Engineering Deep Dive

Deep Dive: How Tego OS v3.0.0's per_user Dedicated Instances Actually Work

v3.0.0 introduces per_user dedicated instances so a single digital avatar can be safely used by a whole team without interference. This post walks through the scheduling model, lifecycle, capacity guardrails, stale-lock cleanup and the Warm Pool roadmap that make the system genuinely production-grade.

Zhama AI Engineering
6 min read
Deep Dive: How Tego OS v3.0.0's per_user Dedicated Instances Actually Work

Deep Dive: How Tego OS v3.0.0's per_user Dedicated Instances Actually Work

One sentence: a single avatar, safely used by a whole team — without anyone stepping on anyone else.


Why per_user had to happen

In Tego OS v2.x, an "avatar" looked like this:

  • One avatar mapped to one container;
  • Every user of that avatar connected to the same runtime;
  • Conversation history, long-term memory, file workspace — all in that single runtime.

Drop that into a real front-line, high-concurrency production scenario — a support center, an IT helpdesk, cross-border e-commerce ops — and three problems show up immediately:

  1. Session bleed. A is asking about shipping policy, B is chasing a refund — the avatar's context window is squeezed between two unrelated conversations.
  2. Memory contamination. A "customer preference" stored by A might be overwritten or read by B.
  3. File conflicts. A's workspace files might get touched by B; nothing is truly per-user.

We received the same customer ask more than once: "Can we give every employee their own runtime?" That's where v3.0.0's per_user comes from.
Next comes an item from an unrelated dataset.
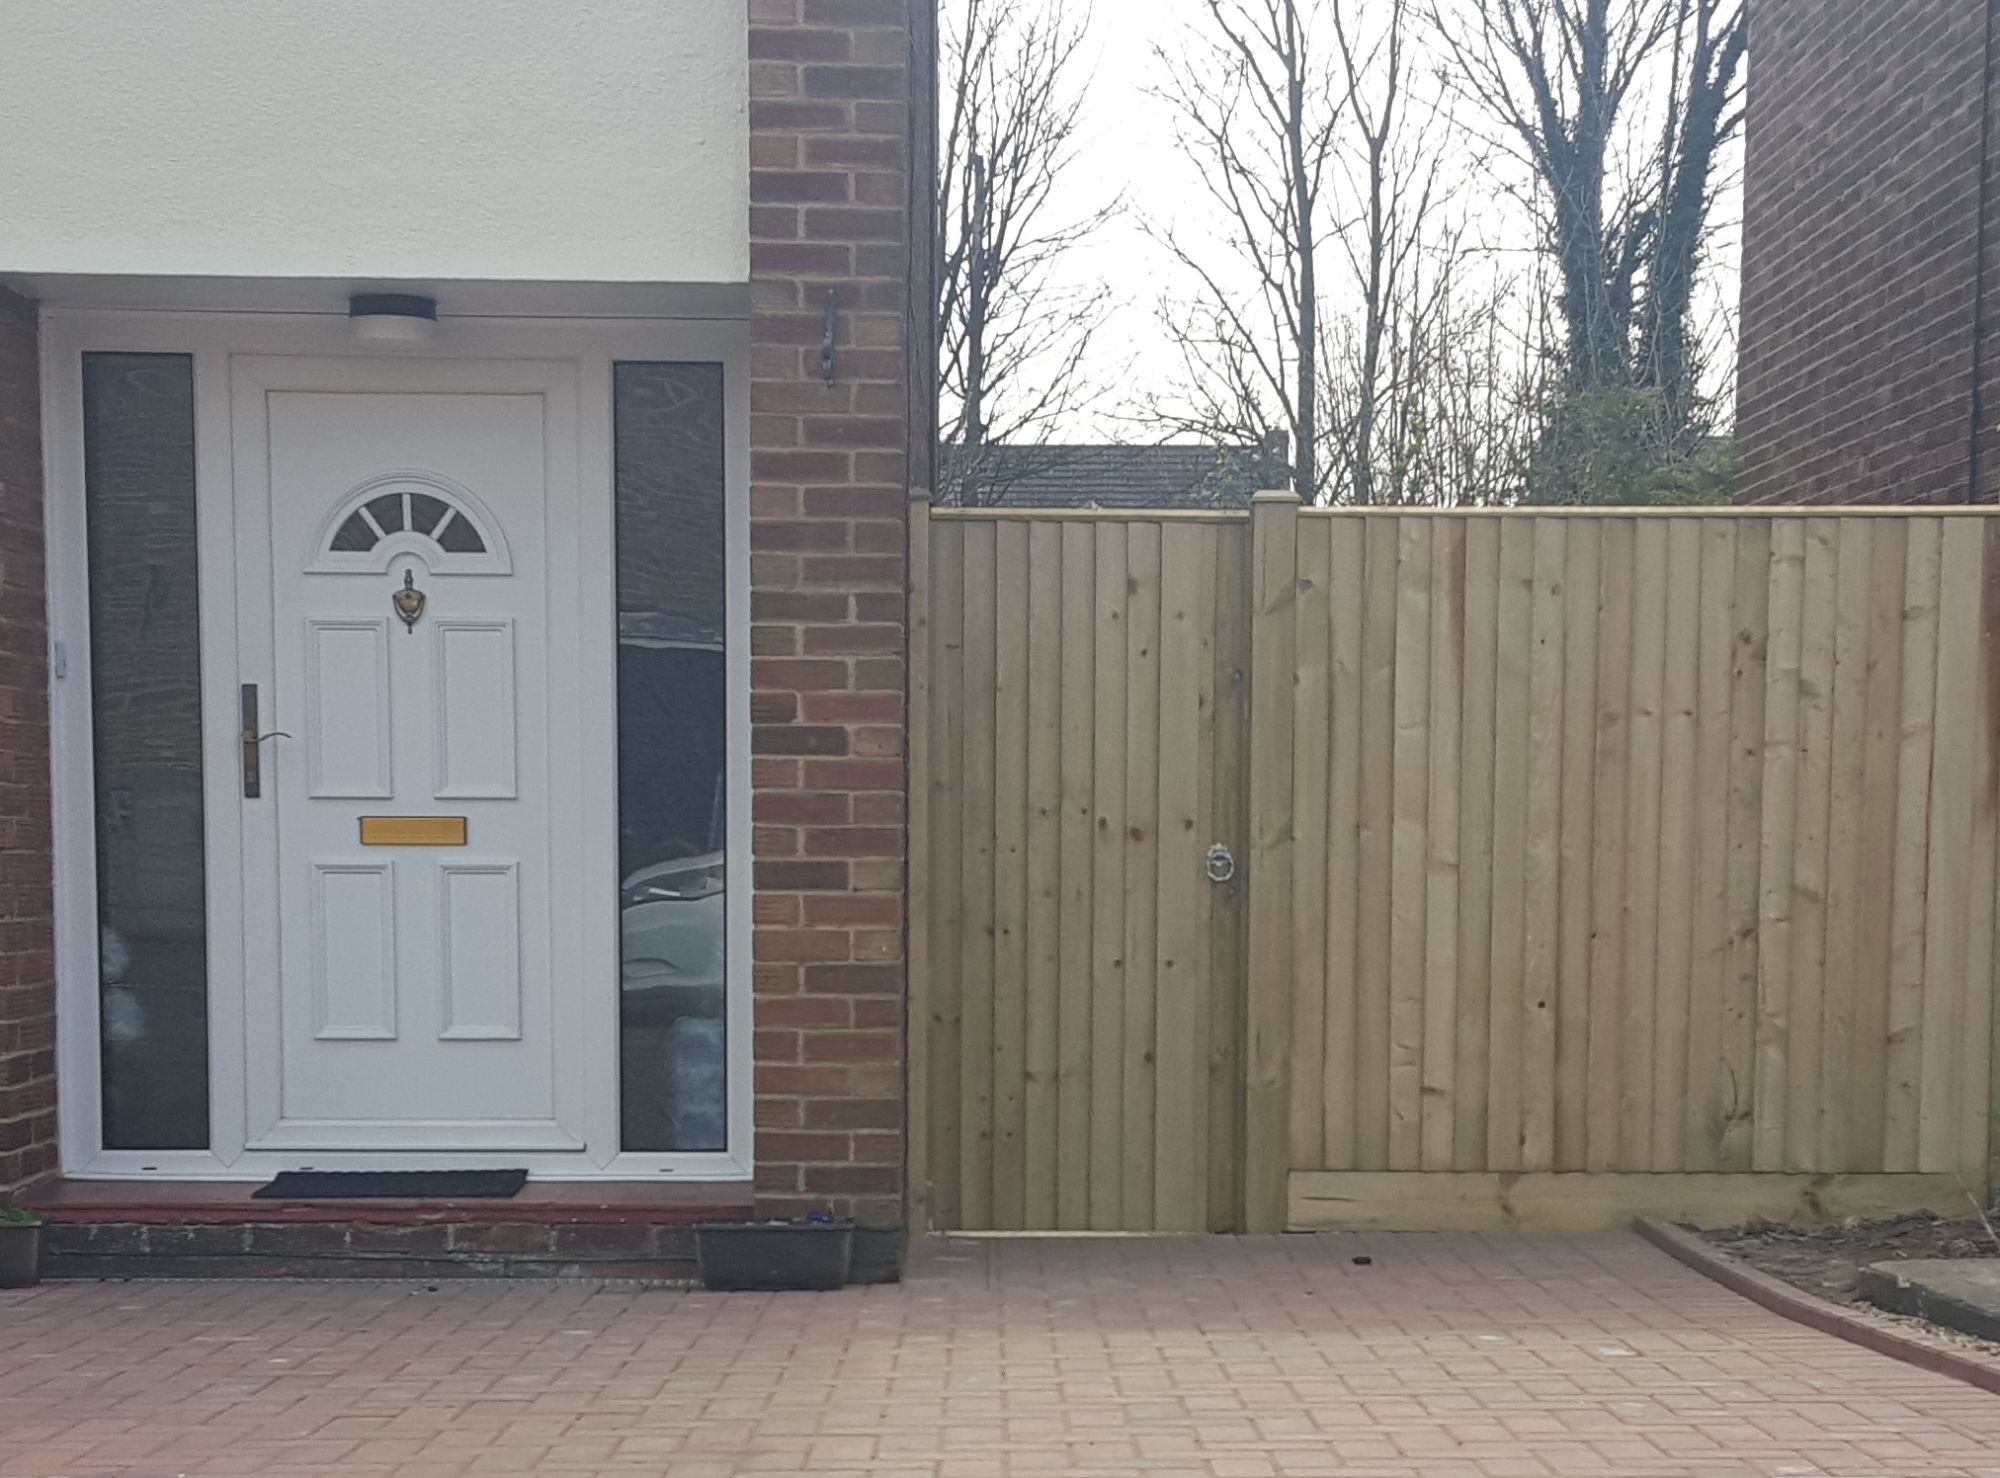 CLOSE BOARD GATE AND FENCE.jpg

Scheduling model: split the avatar in two

v3.0.0 adds an instanceMode field on each avatar:

Mode Behavior
shared (default) v2-compatible; multiple users share the same runtime
per_user Each user gets a dedicated instance container plus a dedicated S3 namespace

The scheduling diagram:

flowchart TD
  UA[User A] --> GW[Gateway + JWT]
  UB[User B] --> GW
  UC[User C] --> GW
  GW --> SCH[per_user scheduler]
  SCH --> CA[A's container<br/>S3: per-user/A/...]
  SCH --> CB[B's container<br/>S3: per-user/B/...]
  SCH --> CC[C's container<br/>S3: per-user/C/...]

Four key decisions in the scheduler:

  1. Auth side: JWT carries instanceUserId; every downstream service can identify request ownership.
  2. Routing side: gateway picks/launches the target container by (avatarId, instanceUserId).
  3. Data side: S3 read/write paths are rewritten by instanceUserId; business code stays unaware.
  4. Reclaim side: idle past threshold → graceful shutdown → flush state to S3 → sub-second wakeup.
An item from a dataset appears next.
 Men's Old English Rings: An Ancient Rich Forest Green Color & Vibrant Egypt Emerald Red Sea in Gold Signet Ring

Failure in any of those four steps would make per_user feel "untrustworthy," so each step needs its own guardrail (below).


Lifecycle: from PROVISIONING to RECYCLED

The per_user container state machine, roughly:

stateDiagram-v2
  [*] --> PROVISIONING: first user connect
  PROVISIONING --> READY: container up + heartbeat
  READY --> ACTIVE: traffic
  ACTIVE --> IDLE: 5min no traffic
  IDLE --> RECYCLING: graceful shutdown
  RECYCLING --> RECYCLED: state flushed to S3
  RECYCLED --> PROVISIONING: next wakeup
  PROVISIONING --> FAILED: launch failure
  ACTIVE --> FAILED: heartbeat timeout / crash
  FAILED --> [*]: stale-lock cleanup → auto-retry

Each state corresponds to clear engineering actions:

  • PROVISIONING → READY — launch container, mount S3 namespace, pass health check, report heartbeat.
  • READY → ACTIVE — gateway routes traffic, quota counters start.
  • ACTIVE → IDLE — 5 minutes of zero traffic by default.
  • IDLE → RECYCLING — graceful shutdown signal; container has 45s to flush state to S3.
  • RECYCLING → RECYCLED — orchestrator resources reclaimed (pod / volume / service); S3 data preserved.
  • RECYCLED → PROVISIONING — next time the user shows up, sub-second wakeup reusing S3 data.

Goals: low steady-state footprint, low wakeup latency, recoverable failure.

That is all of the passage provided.